Ele deve trilhar uma carreira centrada no humanismo, precisa valorizar e gostar de gente
*Antonio Carlos Lopes
A formação em medicina e a própria prática médica sofrem um desvio gravíssimo no Brasil. Trata-se de um campo da ciência que requer, obrigatoriamente, uma visão humanística dos pacientes, além de profunda clareza de seu papel social.
A formação em medicina e a própria prática médica sofrem um desvio gravíssimo no Brasil. Trata-se de um campo da ciência que requer, obrigatoriamente, uma visão humanística dos pacientes, além de profunda clareza de seu papel social.
Hoje, certas universidades, tanto públicas quanto privadas, parecem se contentar em repassar conteúdos científicos, possuir estrutura adequada e corpo docente de excelência.
Não é o bastante. O envolvimento com ensino, assistência e pesquisa são insuficientes enquanto entrega, pois cabe a essas instituições uma missão muito mais complexa.
E olha que comecei citando os melhores exemplos. Há ainda diversas faculdades de Medicina que cobram mensalidades caríssimas, funcionando sem hospital escola, com corpo docente de capacitação contestável e possuem falhas na grade pedagógica. Certamente são responsáveis por parcela das mazelas da saúde do País.
Quando pensamos em um médico realmente capacitado, temos em mente um profissional que vai bem além do conhecimento técnico. Ele deve trilhar uma carreira centrada no humanismo, precisa valorizar e gostar de gente. Na medicina, aliás, o amor ao próximo é o alicerce da boa prática.
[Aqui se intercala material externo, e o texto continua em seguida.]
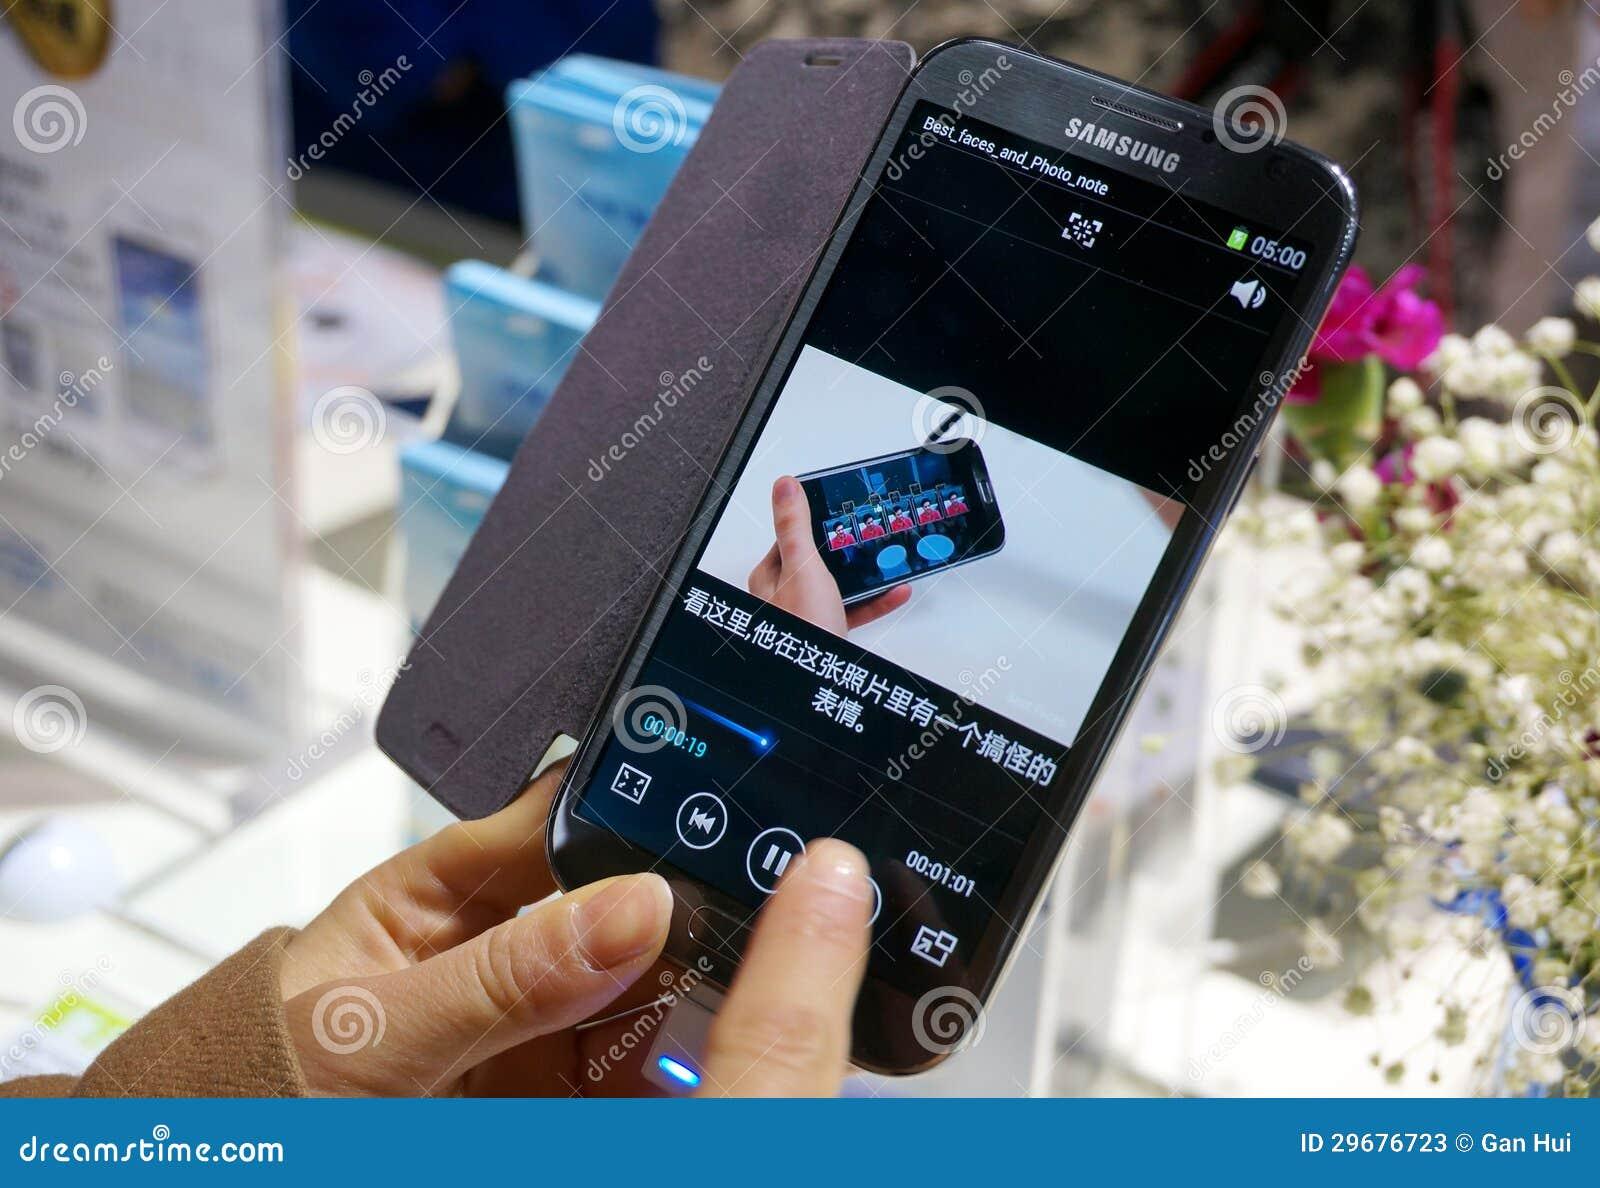 how to send sms photo samsung phone telus
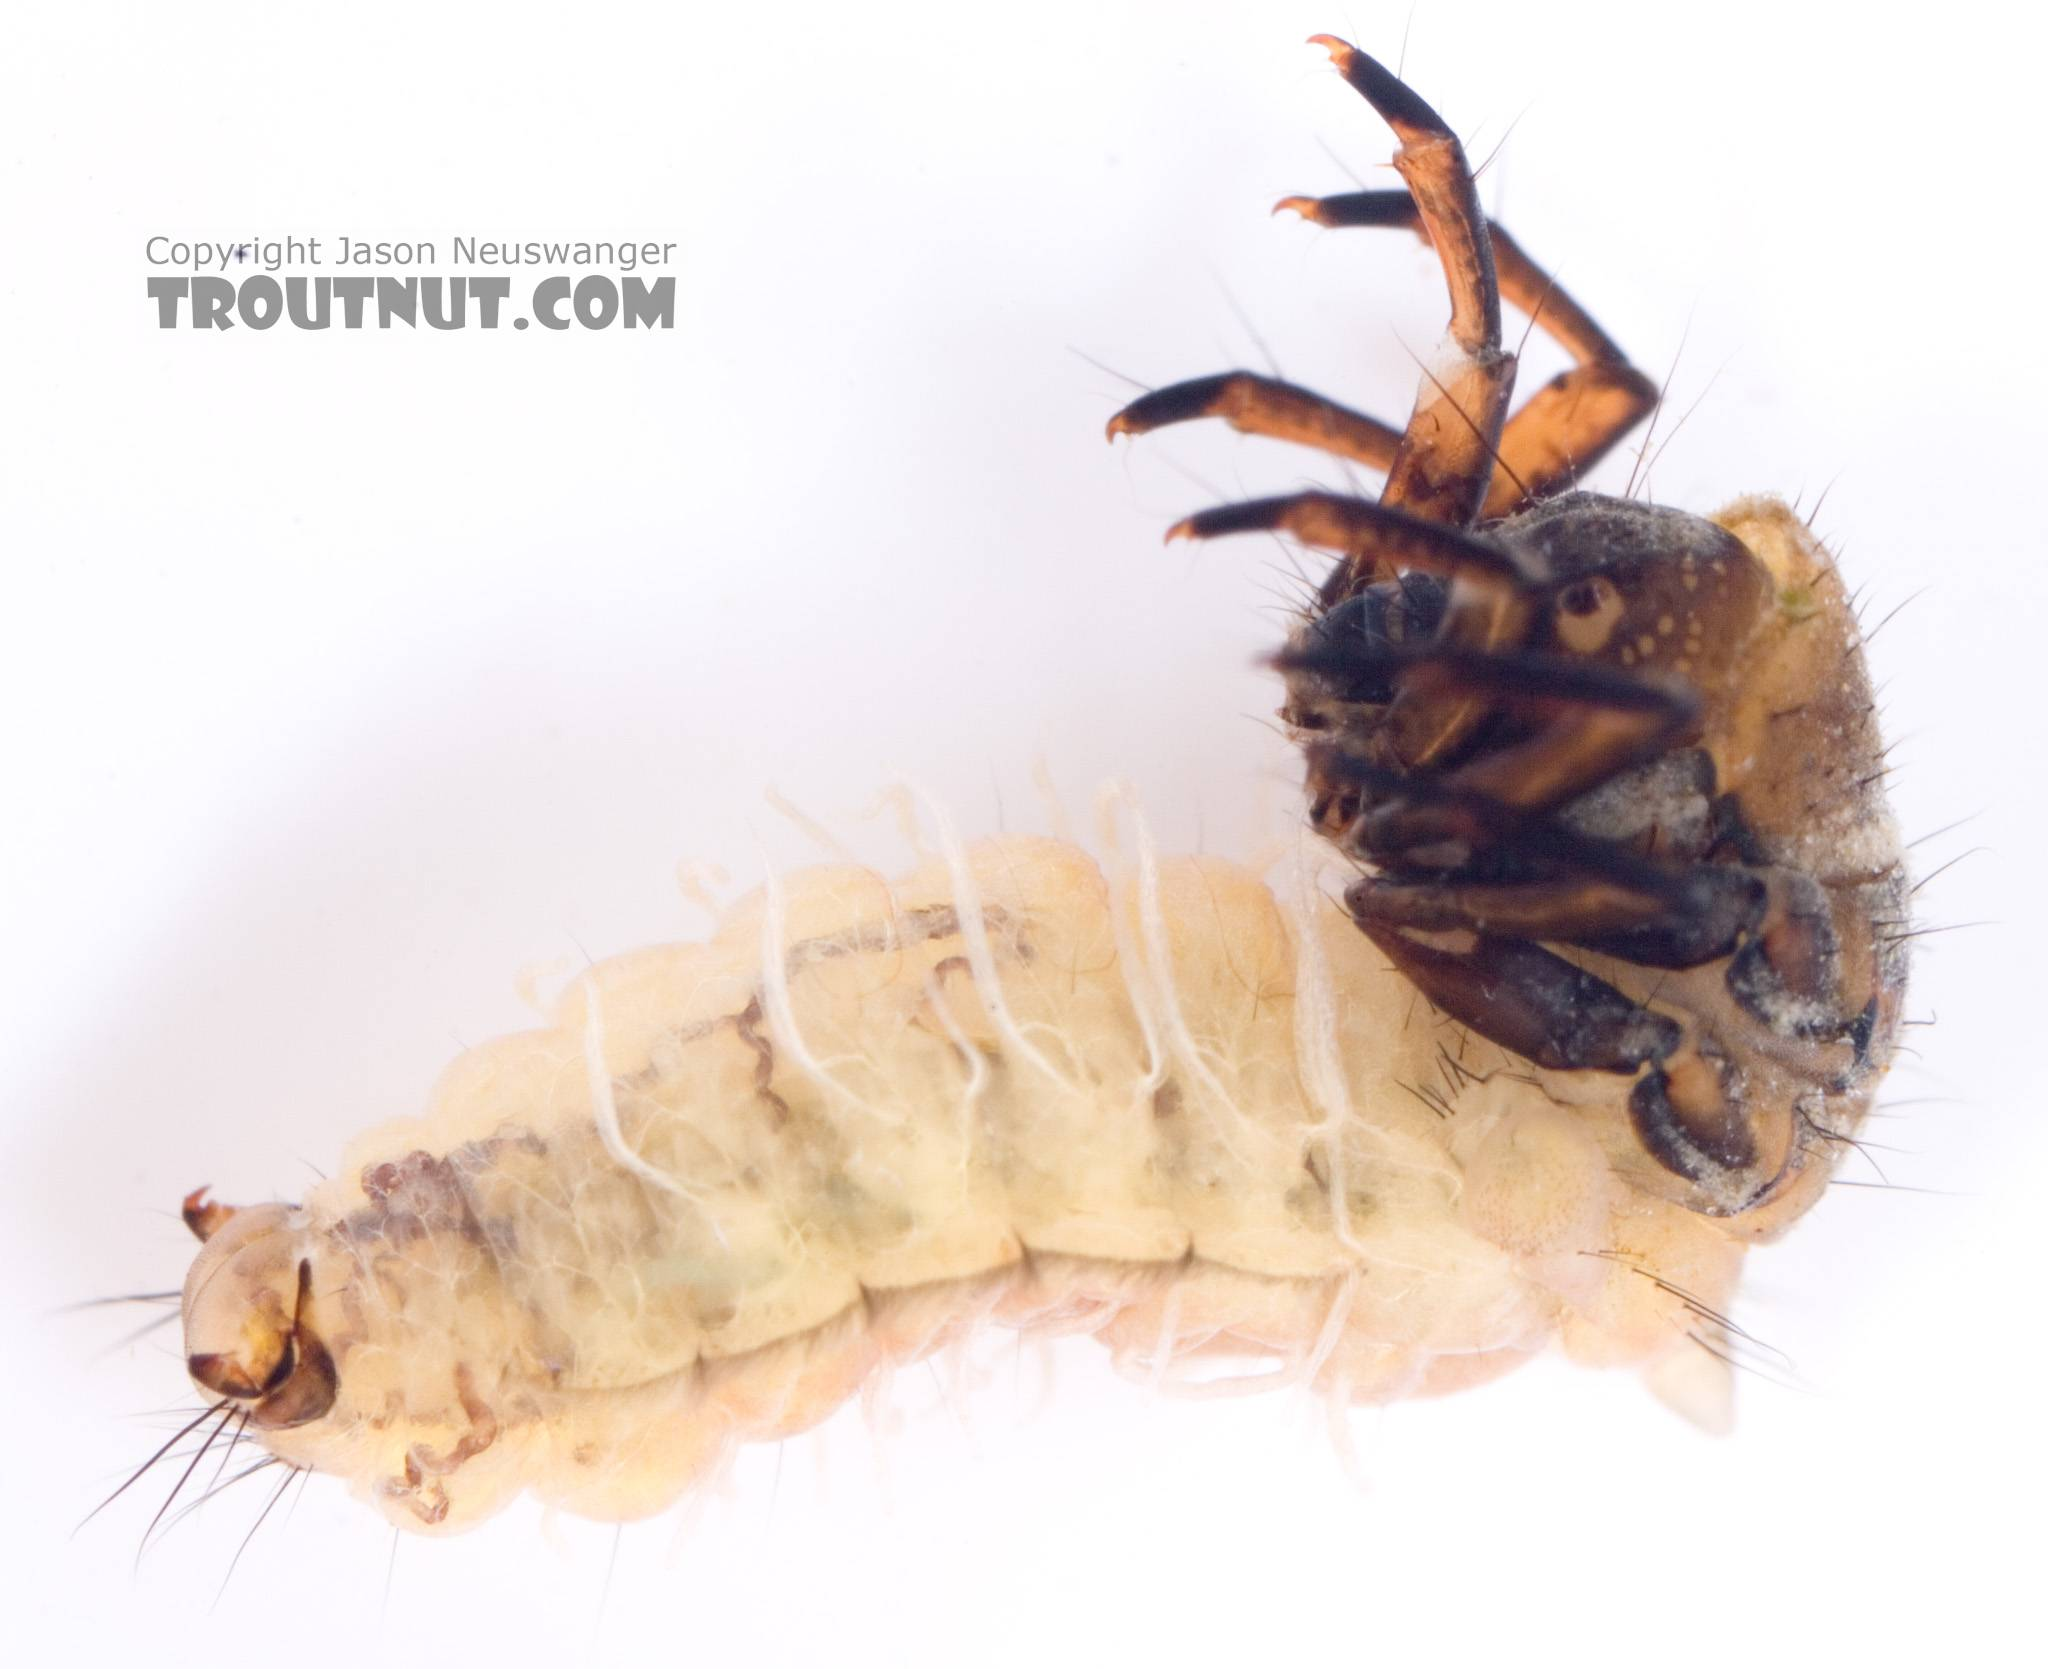 Neophylax (Autumn Mottled Sedges) Caddisfly Larva from Cayuta Creek in New York

Essa visão cidadã está em falta no pacote saúde oferecido pelo aparelho formador aos futuros médicos. Isso porque a maiores dos cursos possui visão puramente mercantilista. Desculpe a sinceridade, mas é obrigação de qualquer instituição de ensino em medicina formar profissionais sem preconceitos e com amor verdadeiro ao exercício da profissão e aos pacientes. As grandes intervenções médicas dependem demais do humanismo.
Assim, faz-se indispensável que essas escolas mudem rapidamente de foco. Uma proposta de medicina motivada exclusivamente na razão do lucro tende a produzir excesso de exames, gastos desnecessários, o agravamento de doenças e até tragédias, com a perda de vidas humanas.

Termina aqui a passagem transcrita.